For purposes of clarity, and in no way limiting the scope of the teachings, unless otherwise indicated, all numbers expressing quantities, percentages or proportions, and other numerical values recited herein, should be interpreted as being preceded in all instances by the term “about.” Accordingly, the numerical parameters recited in the present specification are approximations that may vary depending on the desired outcome. For example, each numerical parameter may be construed in light of the number of reported significant digits and by applying ordinary rounding techniques.

EXAMPLES
Example 1. Evaluation of CD4 Vs. CD8 Car T Cells Comprising Bicistronic Inhibitory Chimeric Antigen Receptor (iCAR)/Activating Chimeric Antigen Receptor (aCAR) Constructs
Introduction

This example provides the results related to evaluation of CD4 and CD8 CAR T cells comprising bicistronic inhibitory chimeric antigen receptor (iCAR)/activating chimeric antigen receptor (aCAR) constructs in order to develop cancer therapeutics for use in safely targeting tumors that have lost genomic segments encoding cell-membrane proteins with polymorphic protein coding changes). Data provided in the example and figures include evaluation of purity and CAR expression of CD4 CAR T cells, evaluation of CD4 and CD8 CAR T cells for efficacy and protection, and evaluation of CD4 and CD8 CAR T cells for cytokine secretion.
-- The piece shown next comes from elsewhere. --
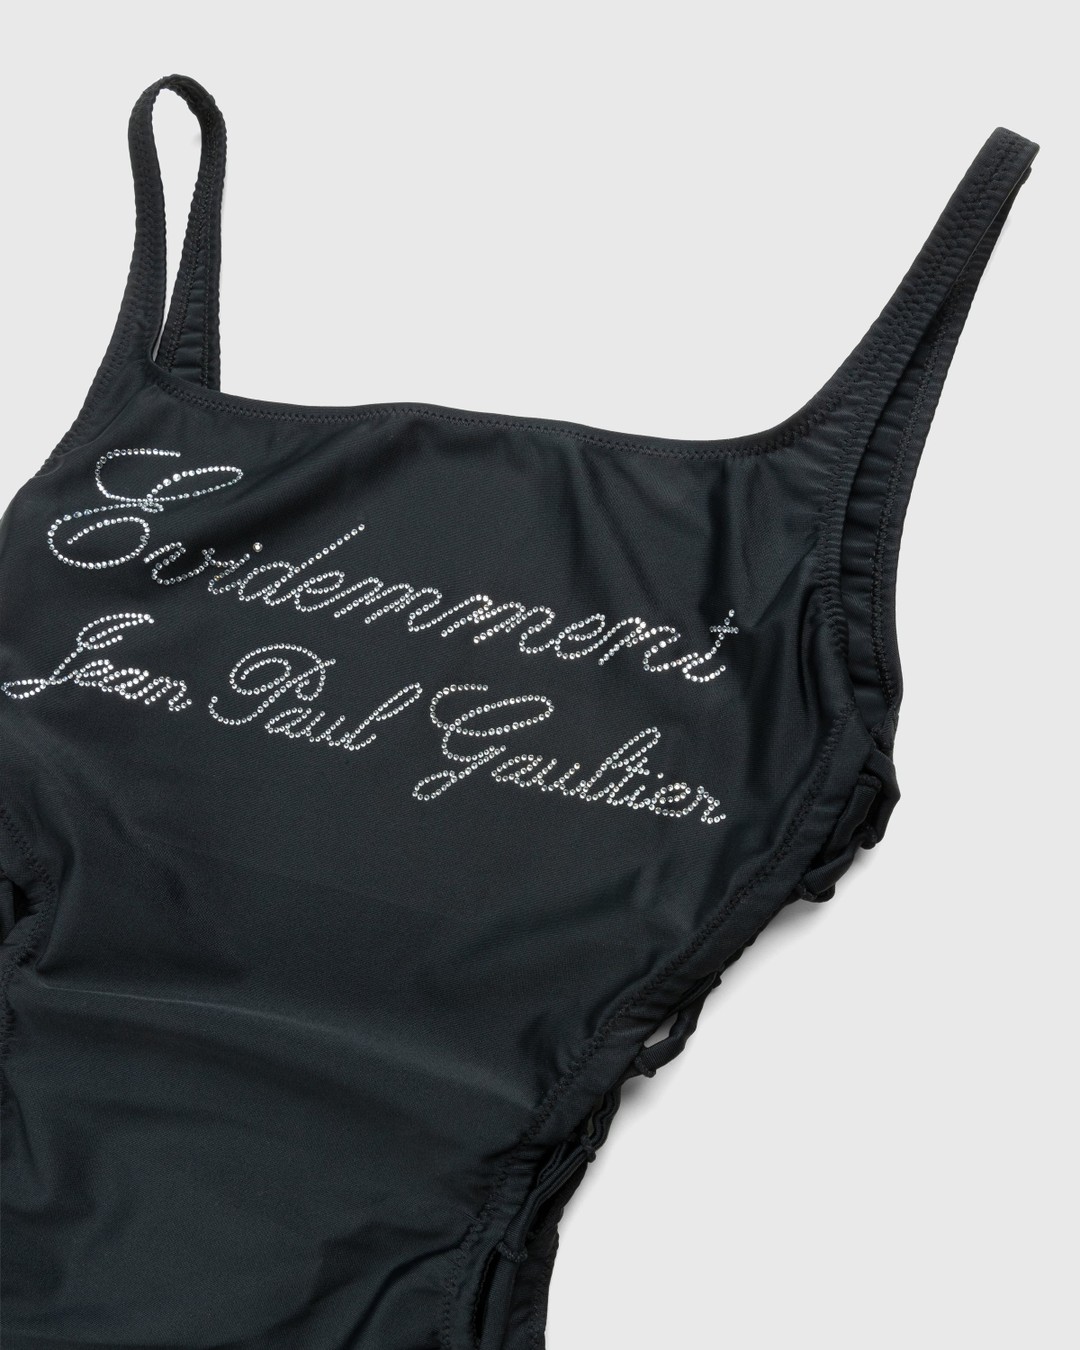 Jean Paul Gaultier – Évidemment Swimsuit Black - Swimwear - Black - Image 3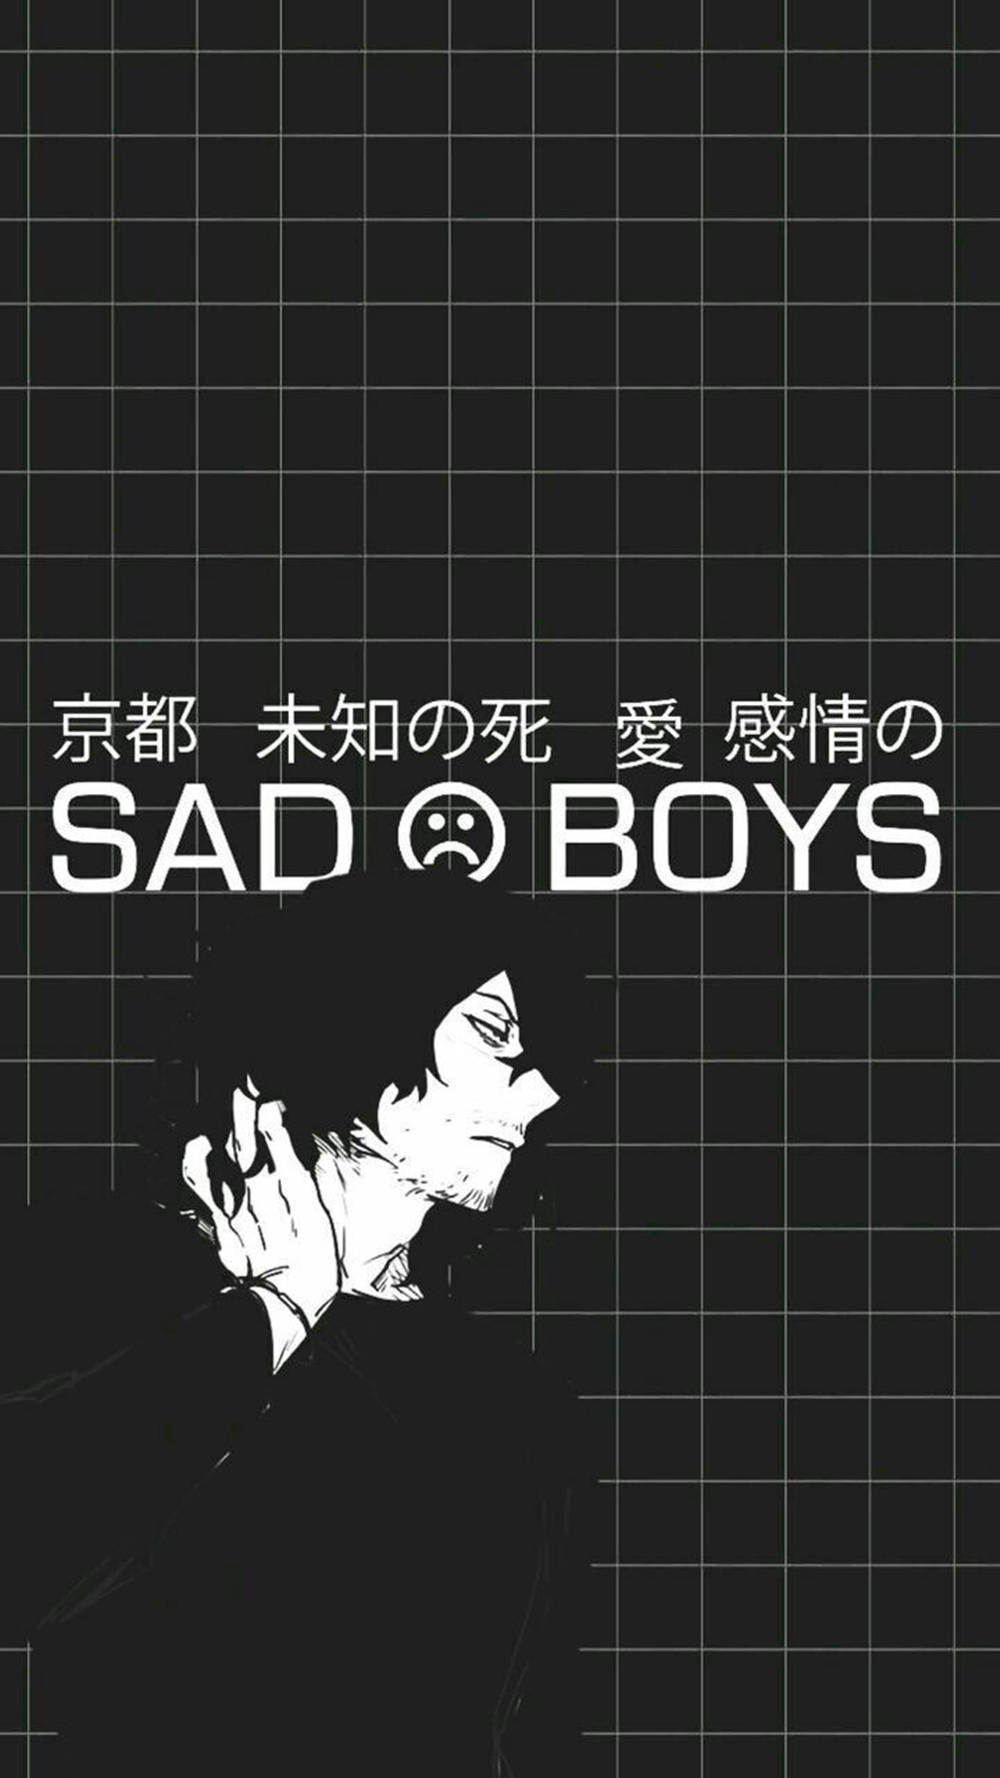 Boys With Sad Aesthetic Tumblr Dark Wallpaper

CD4 CAR T cells were validated for efficacy and conferred complete protection. These findings were consistent across different donors; iCAR scFv, hinge and transmembrane domains, and iDomain; isolation time (day 0, day 14); fresh and thawed effector cells and several target cell lines. See FIGS. 1-22 as well as Tables 1-22 for illustrative design and evaluation of examples of iCAR and aCAR constructs as described herein, as well as sequences thereof, in unsorted/untouched, CD4, and CD8 cells.

Materials and Methods
PBMC Purification

Leukocyte enriched samples were acquired from The Sheba Medical Center blood bank, diluted with equal volumes of PBS and loaded on Ficoll-Paque PLUS (GE Healthcare) for density-based cell separation. Preparation was according to manufacturer's protocol. Mononuclear cells were collected from the plasma/Ficoll interface, washed several times and resuspended in Cryostor CS10 (Merck).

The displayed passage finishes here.